Section 2. Deposits, Checks and Drafts. All checks and drafts of funds of this Association shall be deposited from time to time to the credit of this Association in such banks, or trust companies, or to other depositories, as the Board of Directors may from time to time designate. All checks shall be drawn out of the regular checkbooks of this Association and upon the stub of each such check, the purpose and amount for which the same is drawn shall be specified. All checks, notes, drafts, bills of exchange, acceptances or other orders for the payment of money or other evidences of the indebtedness of this Association shall be signed as shall from time to time be designated by resolution of the Board of Directors.

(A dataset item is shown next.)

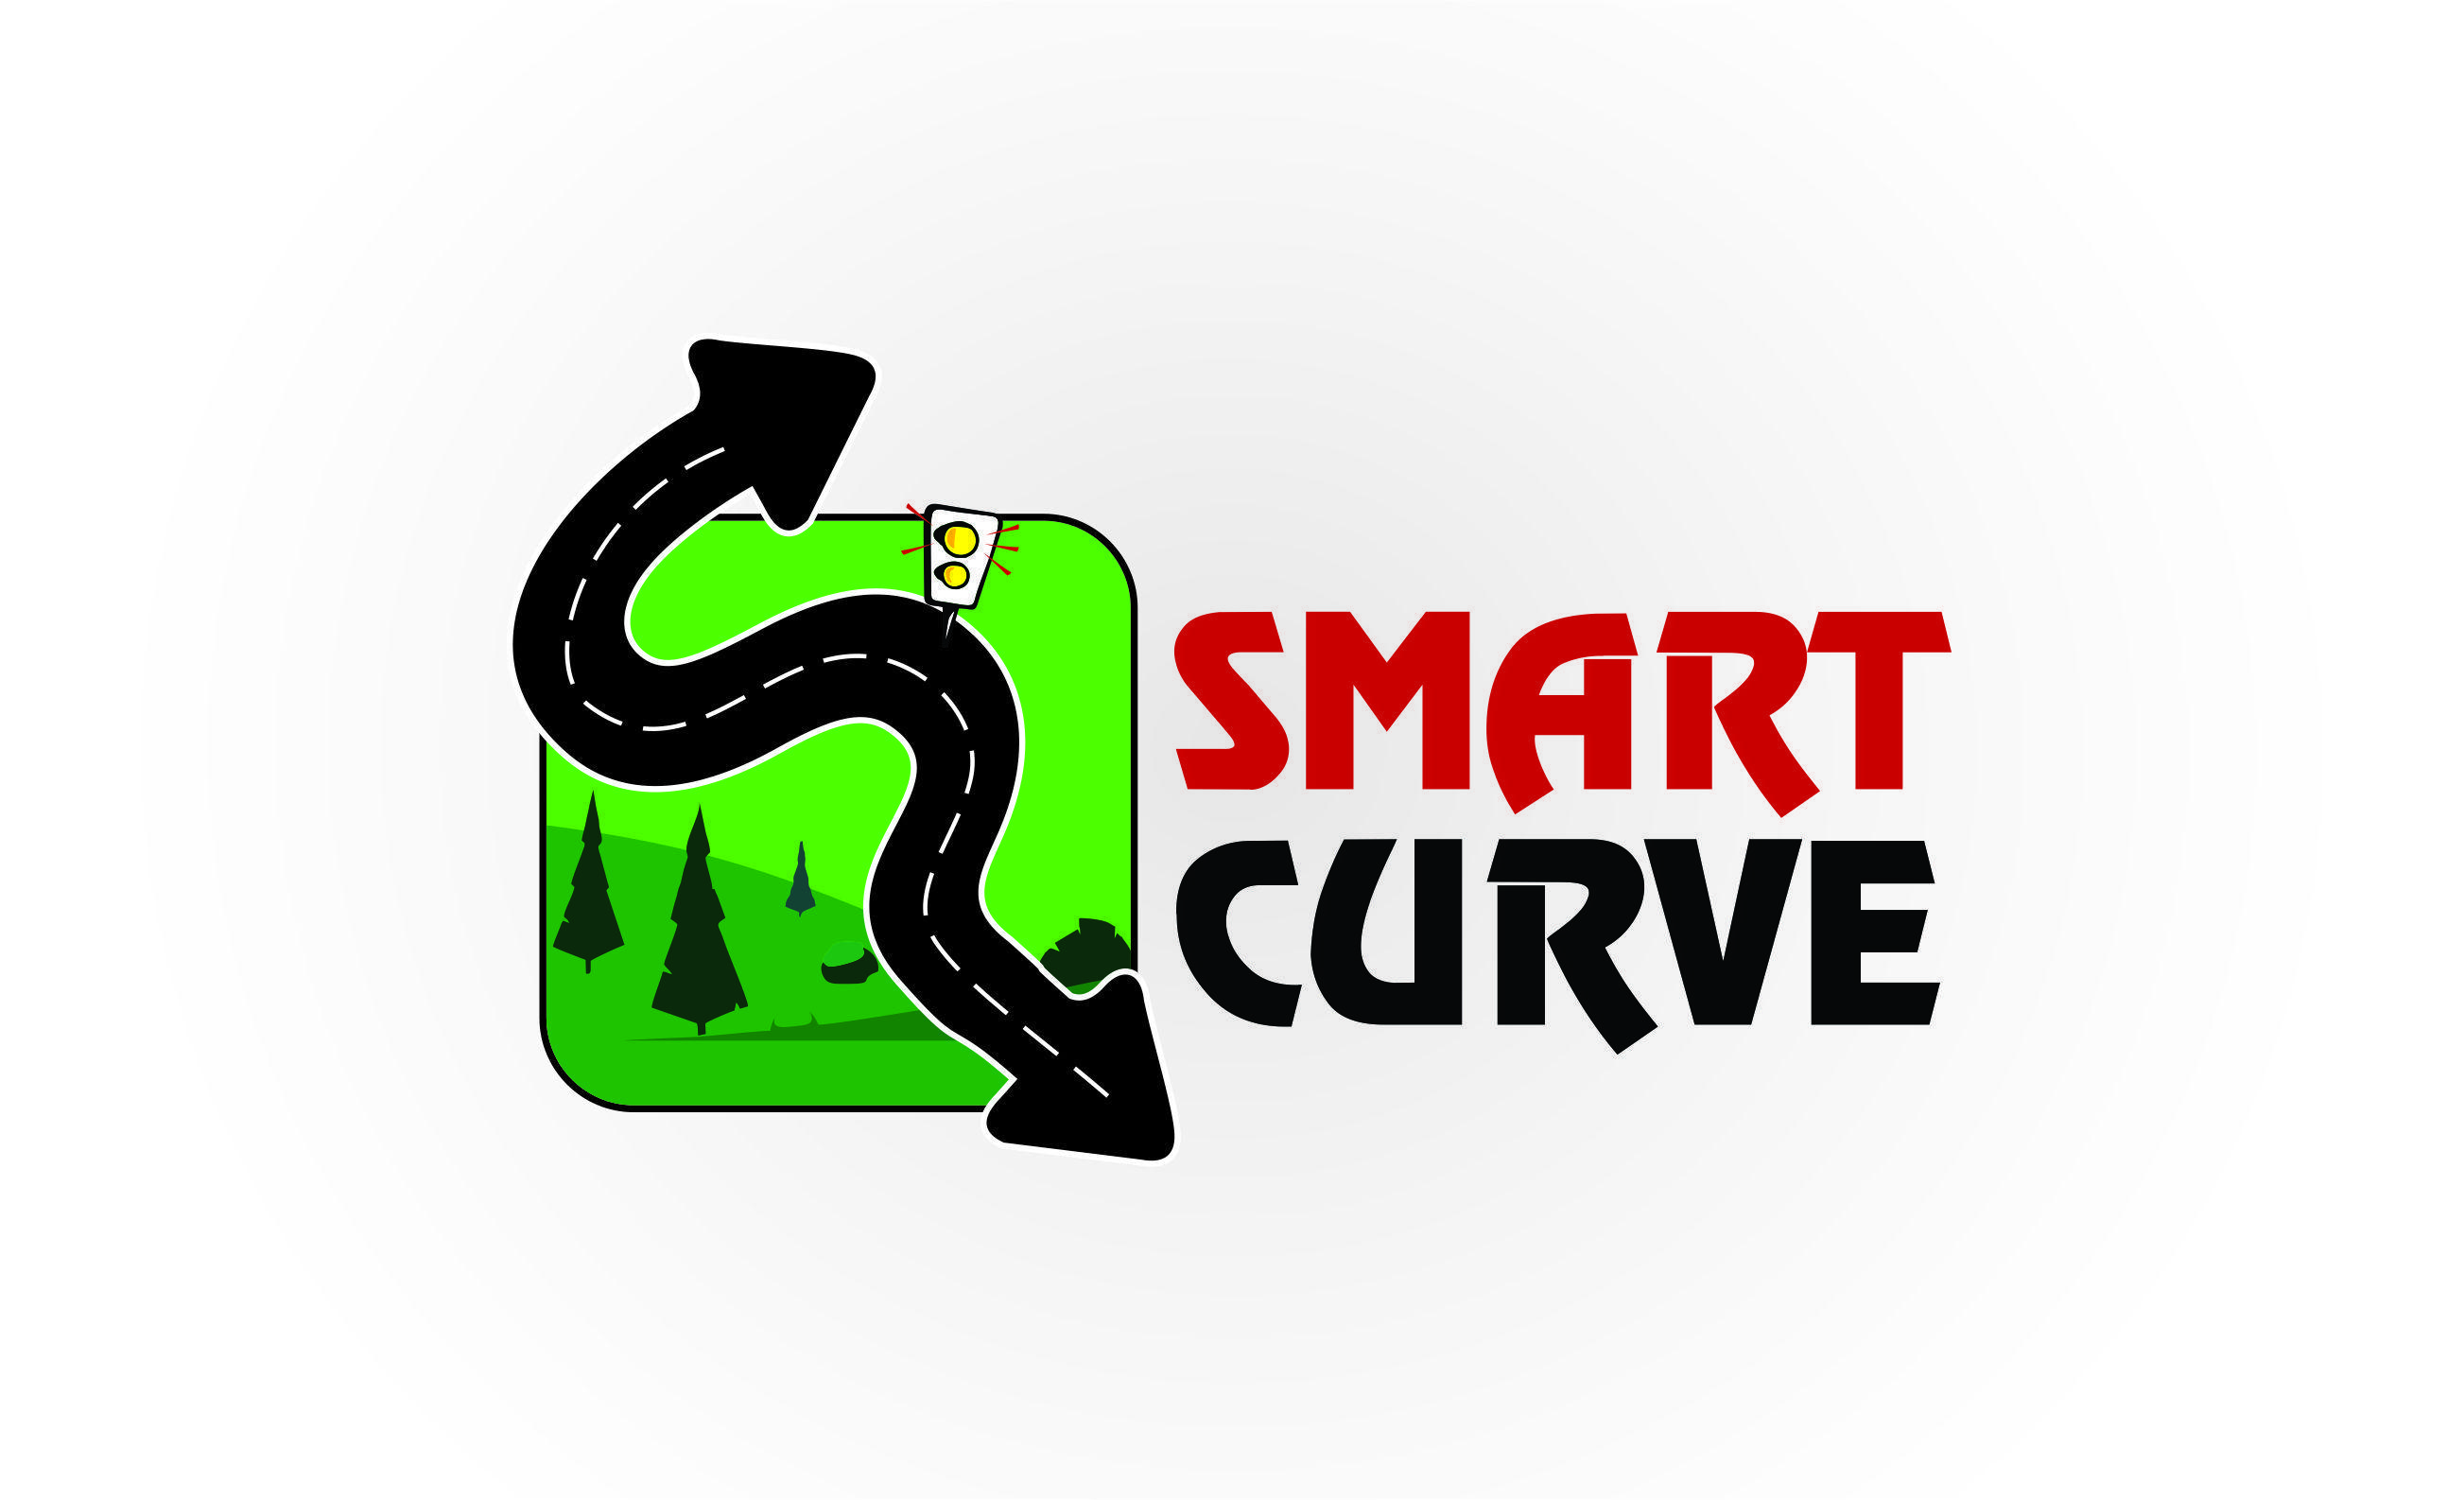 Curves Logo - Smart curve logo designed for road safety lights, which used for ...
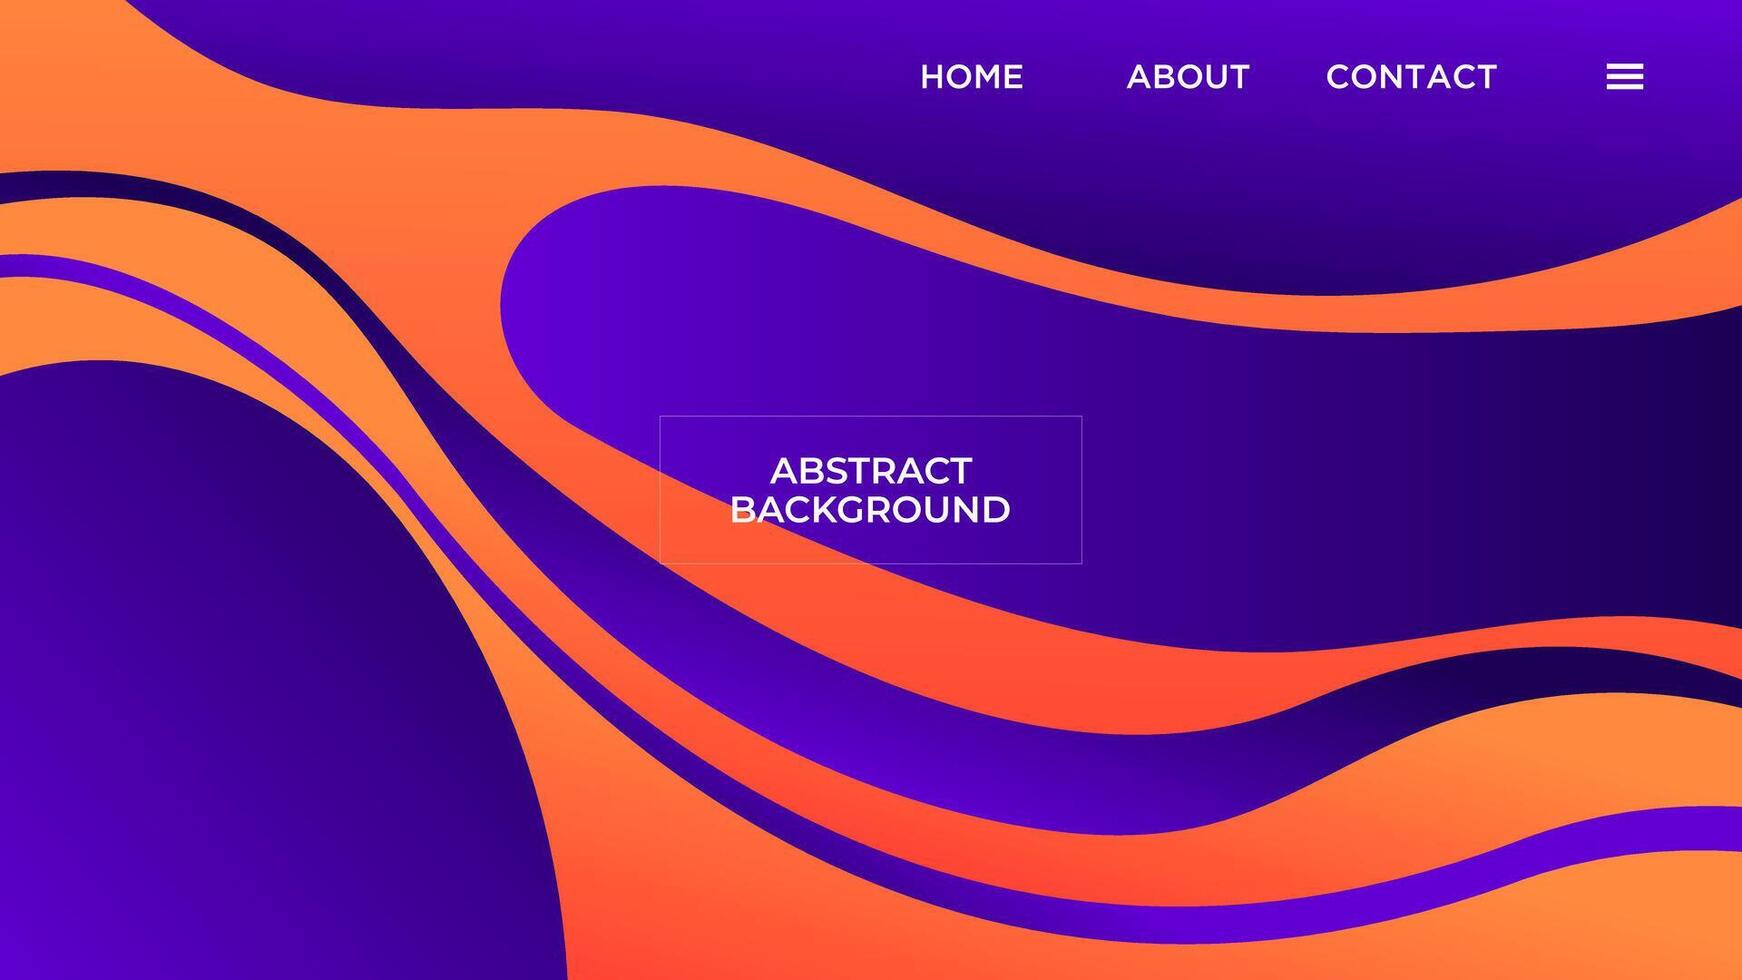 ABSTRACT BACKGROUND WITH GEOMETRIC SHAPES GRADIENT PURPLE ORANGE SMOOTH LIQUID COLOR DESIGN VECTOR TEMPLATE GOOD FOR MODERN WEBSITE, WALLPAPER, COVER DESIGN

Section 3. Indemnity. Any person made a party to any action, suit or proceeding by reason of the fact that he/she, his/her testator/testatrix or his/her interests, is or was a Director, officer or employee of the Association or of any corporation which he/she served as such at the request of the Association shall be indemnified by the Association against the reasonable expenses, including attorneys’ fees, actually and necessarily incurred by him/her in connection with the defense of such action, suit or proceeding, or in connection with any appeal therein, except in relation to matters as to which it shall be adjudged in such action, suit or proceeding that such officer, Director or employee is liable for negligence or misconduct in the performance of his duties. The Association may also reimburse to any Director, officer or employee the reasonable cost of settlement, fine or judgment of any such action, suit or proceeding if it be found by a majority of Directors to be to the best interests of the Association that such settlement be made and that such officer, Director or employee was not guilty of negligence or misconduct.

The foregoing right of indemnification shall not be deemed exclusive of any other rights to which any officer or Director or employee may be entitled apart from the provisions of this Section.

The amount of indemnity to which any officer or Director may be entitled shall be fixed by the Board of Directors.

ARTICLE VIII - AMENDMENT OF BYLAWS

Section 1. Alterations, Amendments or Repeals. The Board of Directors shall have power to make, amend, or repeal the Bylaws of the Association, by vote of a majority of all the Directors at the annual January meeting or at an emergency session called by 75% vote of the Board of Directors. Amendments to the Bylaws shall be submitted in writing to the Board for review at the previous regular meeting. An amendment will be passed by a two thirds vote.

ARTICLE IX - FISCAL YEAR AND AUDITS

Section 1. Fiscal Year. The Fiscal Year of the Association shall begin January 1, and end on December 31st.

Section 2. Audits. The books and records of the Association may be audited annually by a certified public accountant selected by the Board of Directors if the Board so elects.